# what could i put in a ten gallon for life



## C.D. (Jan 31, 2005)

i was thinking about emptying my 10 gallona nd adding its contents to my 37g. i was wondering what could i put in my empty ten athat would live there for life.

i want something interesting. no frogs. as in my opinion they aren't interesting.

thank you


----------



## piranhaqueen (Nov 18, 2004)

C.D. said:


> i was thinking about emptying my 10 gallona nd adding its contents to my 37g. i was wondering what could i put in my empty ten athat would live there for life.
> 
> i want something interesting. no frogs. as in my opinion they aren't interesting.
> 
> ...


won't your puffer eat your guppys if you combine tanks?

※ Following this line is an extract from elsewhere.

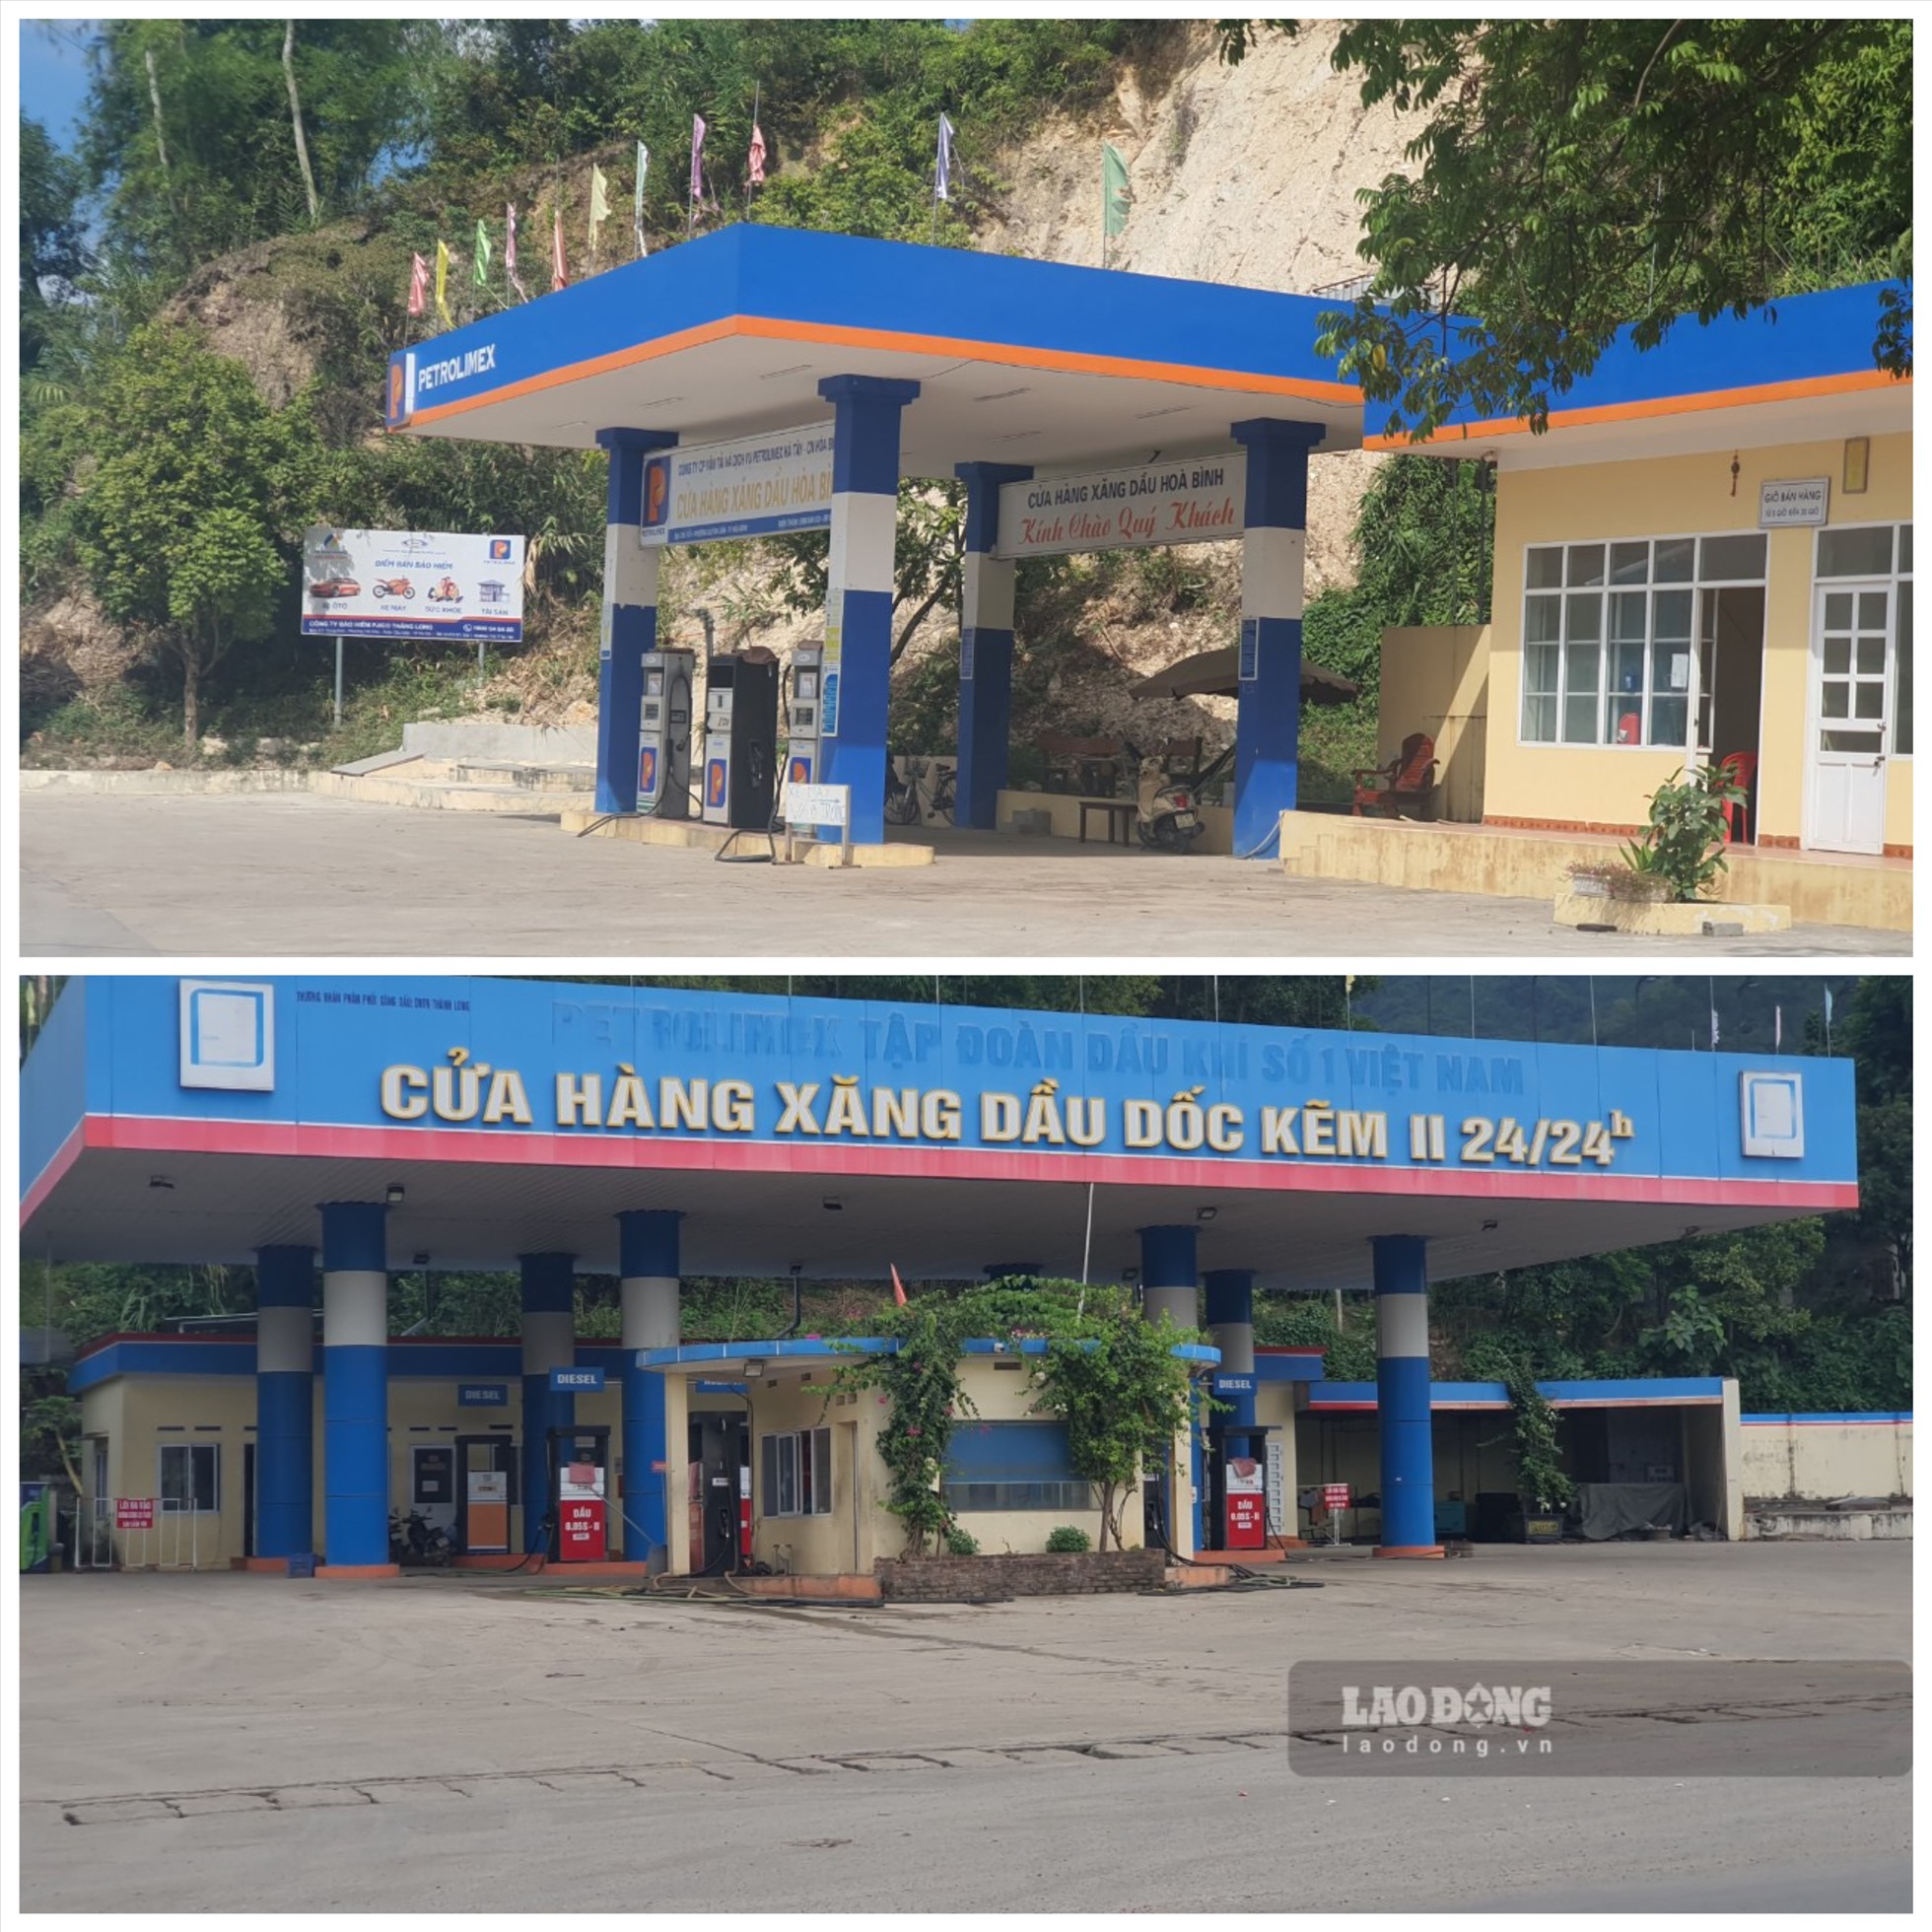 Cửa hàng xăng dầu Dốc Kẽm II (phường Dân Chủ, TP Hoà Bình) đã ngừng bán xăng từ ngày 12.11, còn

One of my favorite fish of all time was a dojo loach. although they are not very attractive, they are so personable. I would think a 10 gal would be fine, but I had mine in a 30. They are friendly, he used to eat pellets outa my hands (kinda like oscars, but look somewhat like an eel) they are a scaleless fish. can go in a community tank. lots of fun


----------



## oojit (Feb 24, 2005)

are u talkin about fish or reptiles? cause ur in the rep sec


----------



## C.D. (Jan 31, 2005)

yeah i was talking about reptiles. . .

and i don't think the puffer will eat the guppies. they are as big as it is


----------



## oojit (Feb 24, 2005)

C.D. said:


> yeah i was talking about reptiles. . .
> 
> and i don't think the puffer will eat the guppies. they are as big as it is
> [snapback]947518[/snapback]​


i dunno. puffers are badasses and they might eat he guppies


----------



## psychofish (Jun 5, 2004)

Pac Man frog


----------



## C.D. (Jan 31, 2005)

i was kinda not wanting a frog. becasue all they do is lay there.


----------



## Eden (Jan 13, 2005)

Read up on leopard geckos. they make intresting pets and one can be comfortably housed in a ten gal
Burf's leo care sheet


----------



## psychofish (Jun 5, 2004)

most everything is just gonna lay there.

I have a golden gecko that does the same thing.

You could get a couple fire bellyed toads

they are pretty active


----------



## mrodge (Nov 13, 2004)

fence lizard maybe

baby turtle?

maybe like a ribbon snake, i suggest these things to everyone caus ei have them and there really cool


----------